Go look at the basket. I’ll wait.

Work on the manuscript dealing with basketry in Southwest China is, happily, now underway. While the study draws on work in communities that my collaborators and I have visited in Yunnan, Guizhou, and Guangxi, I am working to gather information from other parts of the Southwest. I am reading the ethnographies available in English (the Chinese language sources will come later) and finding what I can in museum databases and on the Internet. As I am reading Michele Zack’s The Lisu: Far From the Ruler (Boulder: University Press of Colorado, 2017) at present, I have been looking for Lisu examples online. This Getty photograph provides a particularly useful example to consider.
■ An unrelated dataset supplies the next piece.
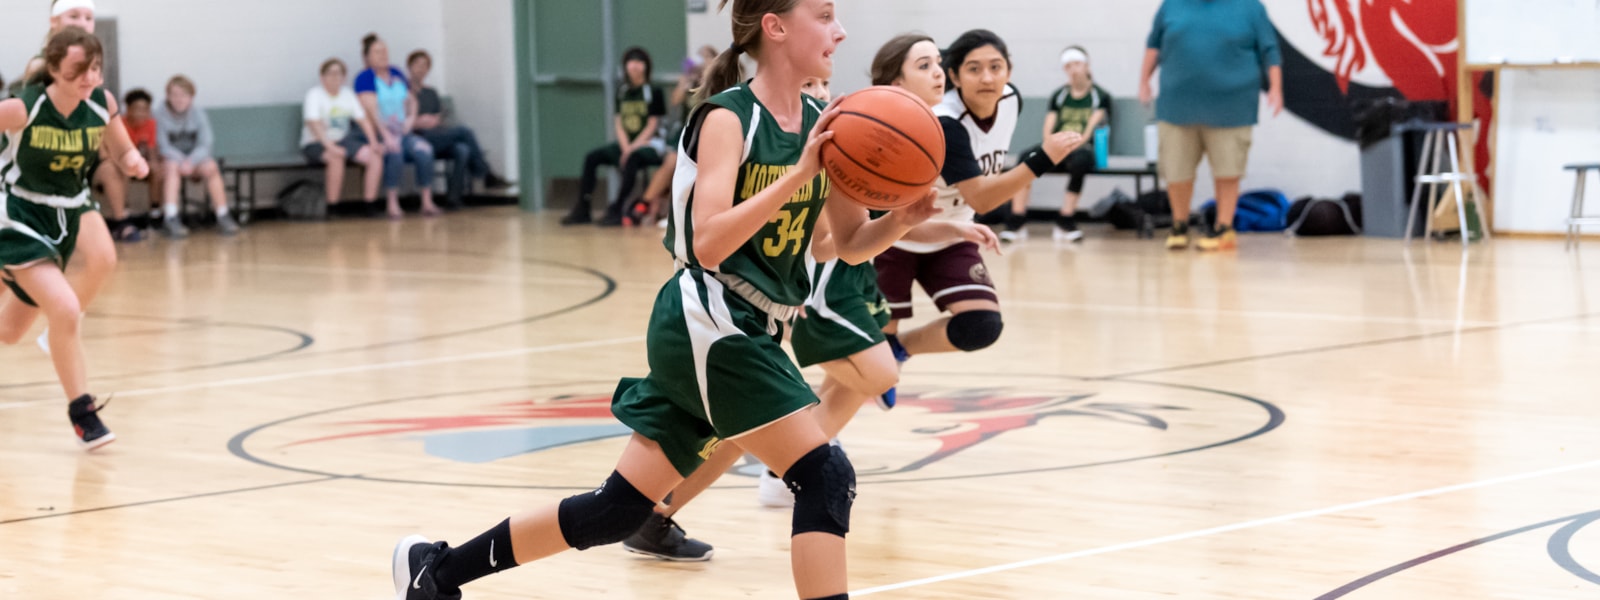 Girl dribbling basketball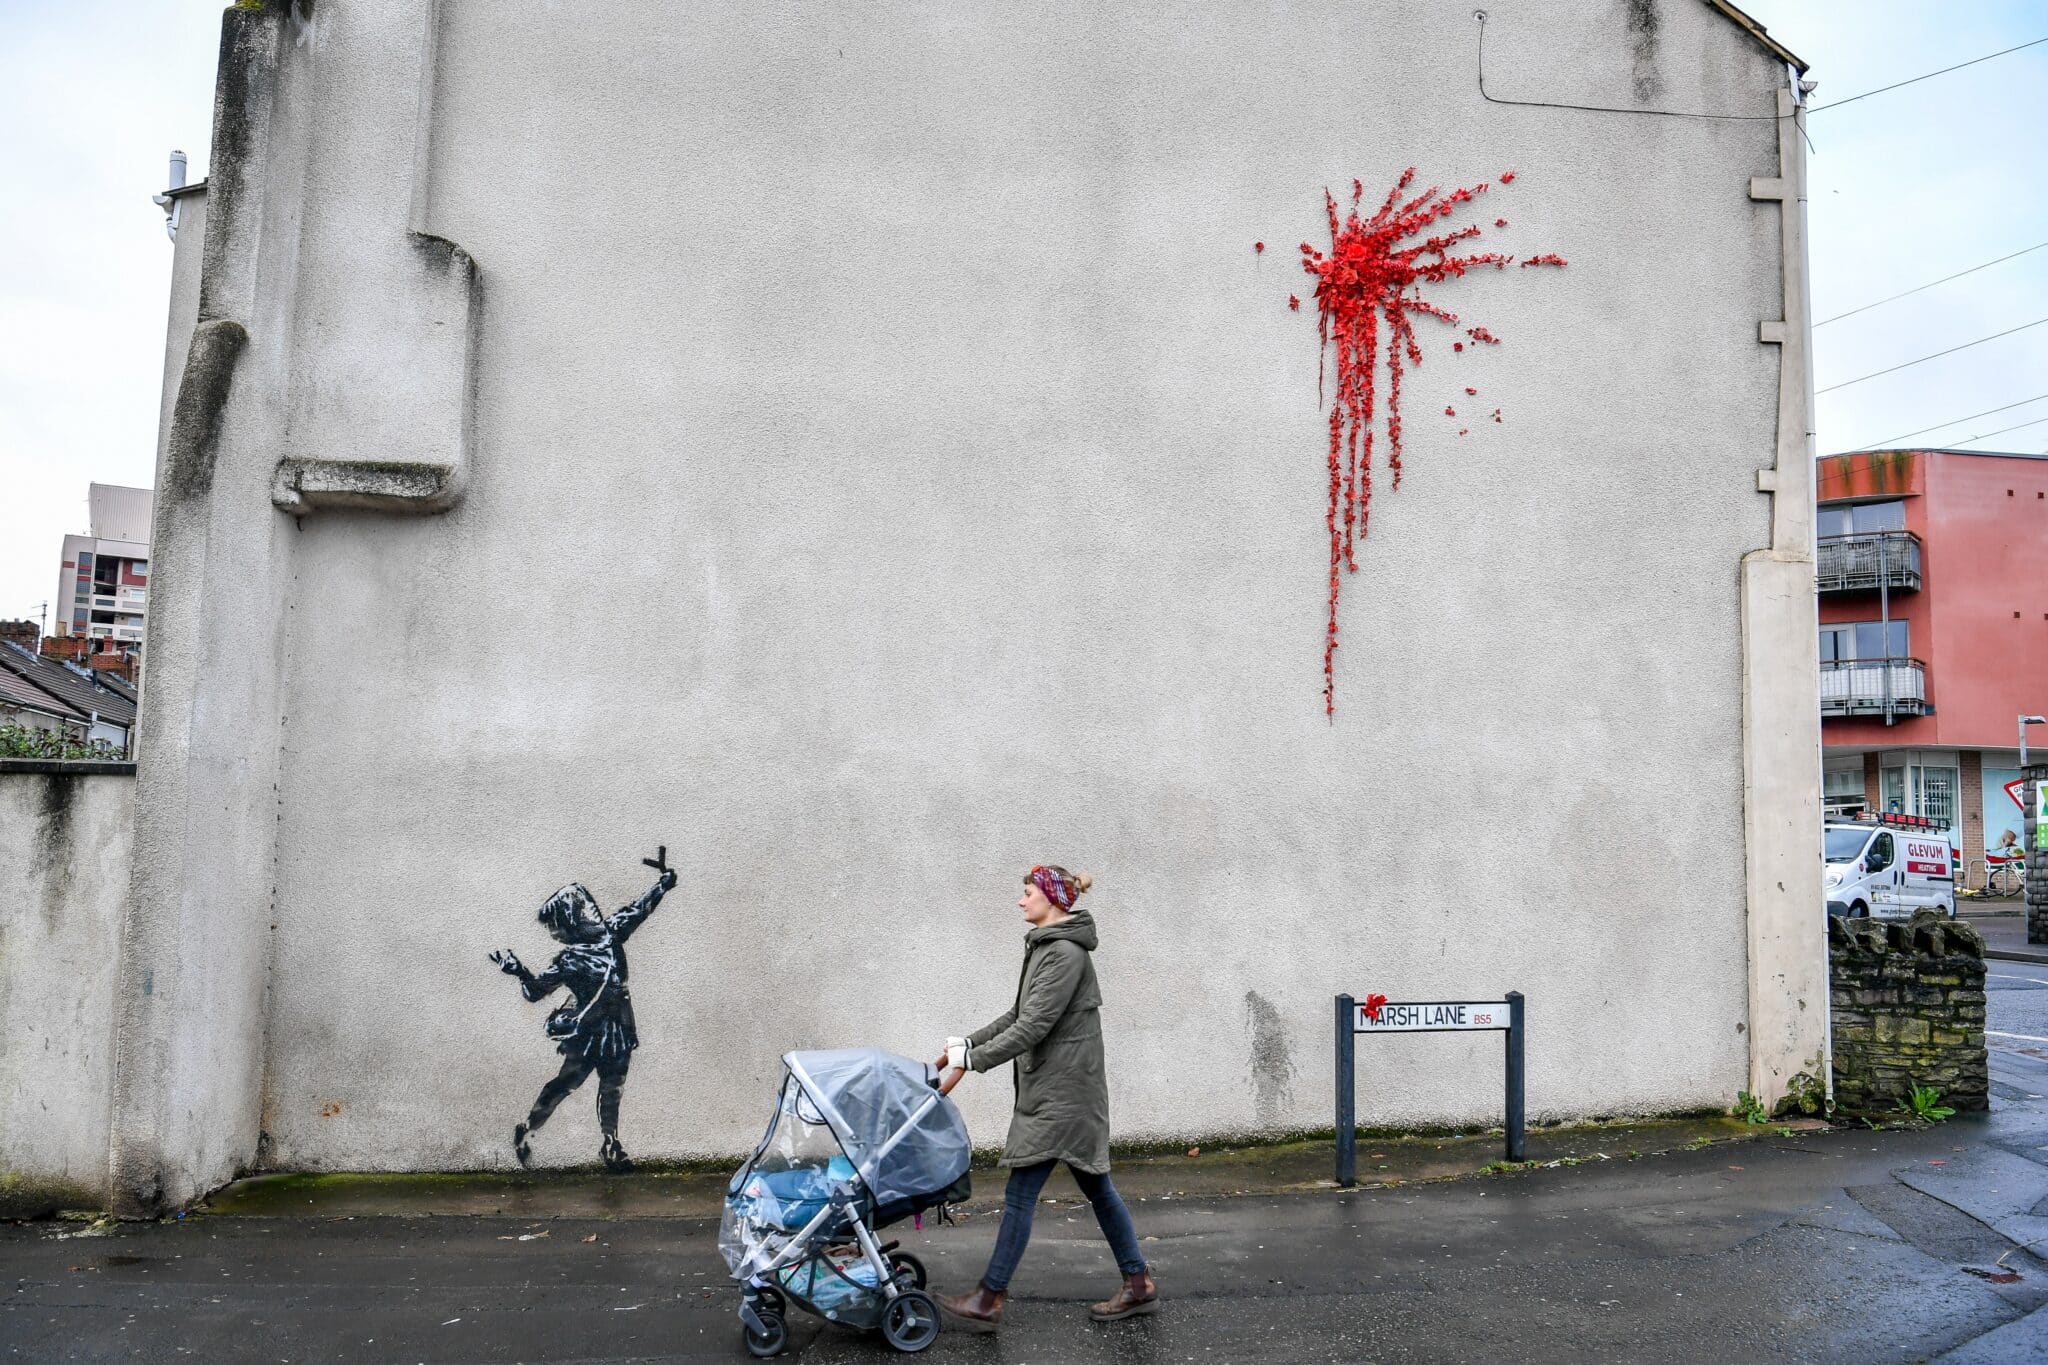 Obra de Banksy aparecida en Bristol (Inglaterra)

The woman in the picture is wearing a pack basket. She is about 250 kilometers west (and a little north) of the Erhai Lake/Old Dali area where our group has documented and collected pack baskets among the Bai. (There are some Bai, speaking a different Bai dialect, among the Lisu in Nujiang Lisu Autonomous Prefecture.)

The basket that she wears is different from those of the Dali area in a number of ways. Even using just the picture, some of these can be observed. In common with Dali-area backpacks, hers is also generally “square” (/rectanguar) in profile rather than having a round opening, as among the Baiku Yao in Nandan County, Guangxi. But the two Northwest Yunnan types are different in several other ways. Dali-area backpacks have four sturdy bamboo feet, which hold the backpack level and off of the earth when it is set down. The Liuku are example lacks this feature.

Such feet would not work with the Liuku example because it is less of a rectangular solid and more of a trapizoidal prizm (if I am remembering my geography properly), with a rectangular opening at the top that is larger than the rectangular base at the bottom. This is a feature (manifest more generally in narrowing-to-the-bottom forms) seen in pack baskets from (nearby) highland Myanmar and elsewhere in mainland Southeast Asia.

In addition to differing in shape, the weave of the Liuku area basket is also very different. It is more open, with larger bamboo strips but also larger spaces in between them. The key difference is the way that the vertical elements that run from the base to the rim work. A proper analysis of the weaving techniques in both types would be instructive, but the provisional way to put this is that the Liuku basket seems dependent on these vertical elements, which weave in and out around the static horizontal elements. In Dali-area baskets, in contrast, the vertical elements are static and the weaving is primarily done with very thin horizontal strips that encircle the basket, working upward from the base and producing a basket without large openings.

Comparing the Liuku basket with my own market shopping basket from Xizhouzhen near Dali, I see that the two use the same olive green commercial fabric straps. This commonality is very different, again, from the pack baskets of Nandan County, Guangxi, where the straps are themselves woven out of narrow strips of bamboo.

I wish I could have included the photograph here, but the whole point of Getty Images is to sell use rights to images. I hope that you went and checked out the picture. The picture is worth more than my words, but these words help move the basket study along.